Wisteria (Hygrophylla) is a stem plant, watersprite is a fern, the first has a stem, the last hasn't.
In fact this two are quite different in reality, much more then at photo.


----------



## dwalstad (Apr 14, 2006)

> quote:
> 
> Originally posted by kenmeyer:
> Diana,
> I see you mention emergent plants alot what are they? and what kind do you recomend? Also I bought a quick filter as you recommended do you leave it in your tank all the time or just when you do maintenance? What do you use for water movement? Thanks for all the help.


Hello Ken,

Any plant whose leaves are exposed to air is an emergent plant. Note that many submerged aquatic plants (Amazon swords, Cryptocoryne, almost all stem plants, etc) can be grown emergent. They grow much better when emergent. One reason is that they can access air CO2, but that is not the only reason. You'll learn more in my book.

As to the Quick Filters, I'm so happy with them, I keep them in my tanks all the time now. They are so much better and easier to work with than the canister filters I used to have.

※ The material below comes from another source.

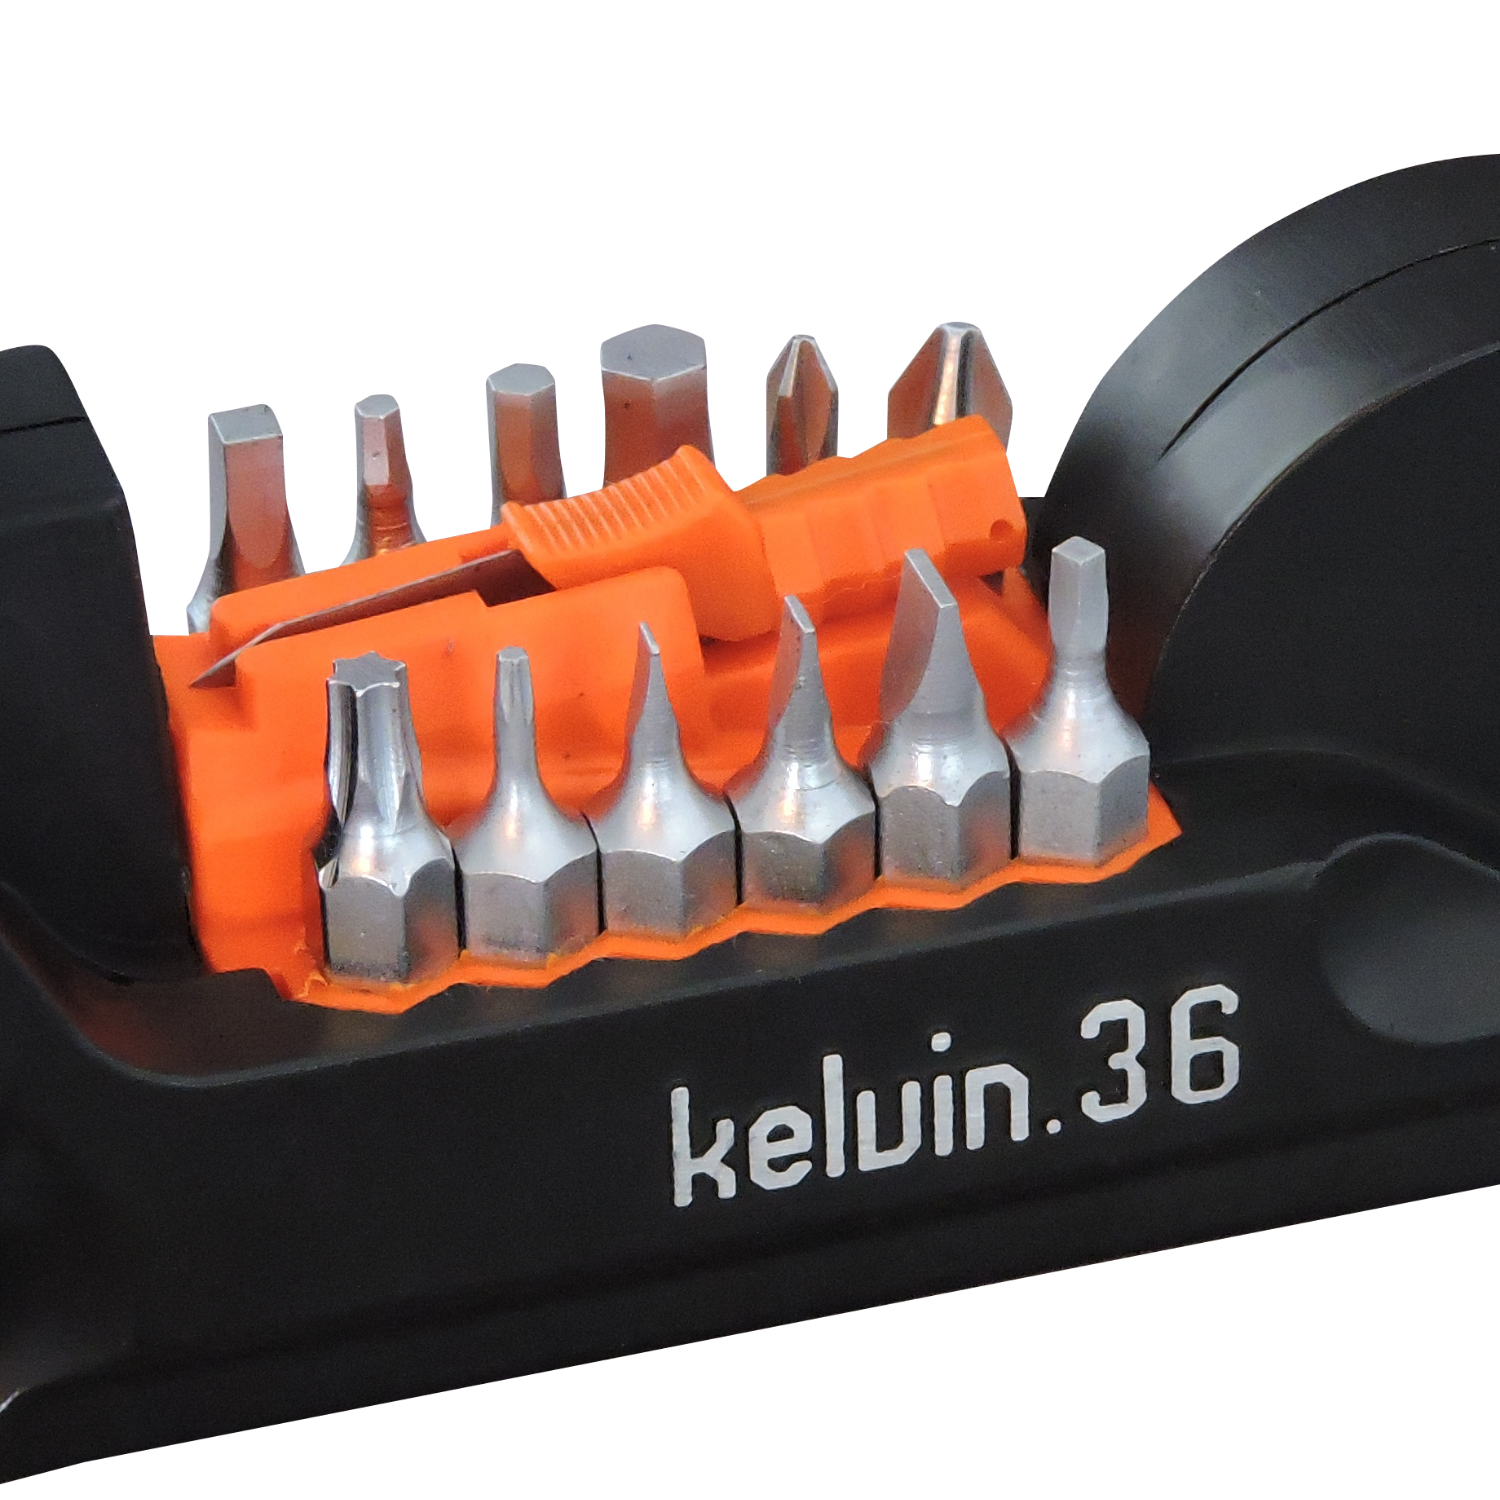 Kelvin 36 - The Ultimate Urban Multitool

I've started adding charcoal to the bottom plastic "cage". That seems to have reduced minor algae problems in my tanks. I assume it is because the charcoal will remove iron chelators and make iron less available for algae.

You'll have to read the book to understand all of this. Good luck!


----------



## kenmeyer (Jul 31, 2004)

Thank you,

I also recieved your book today so ill start reading as soon as I can


----------



## feefeefish (Apr 5, 2004)

Thank you!


----------



## Avalon (Mar 7, 2005)

Diana,

I also use a Hagen powerhead (802), and I find that the quick filter attachment an invaluable tool! I've been wrapping the plastic baskets in filter floss, but I've read (from you I think) that the filter pads made for it are superior due to the low micron filtration capability. I also remember reading a thread where someone commented (Roger Miller I think) that these pads can be cleaned and reused. My question is, how do you clean those pads? I must not be cleaning correctly, because they don't last very long after I rinse them out! Should I clean them using bleach like my Marineland HOT micron filter?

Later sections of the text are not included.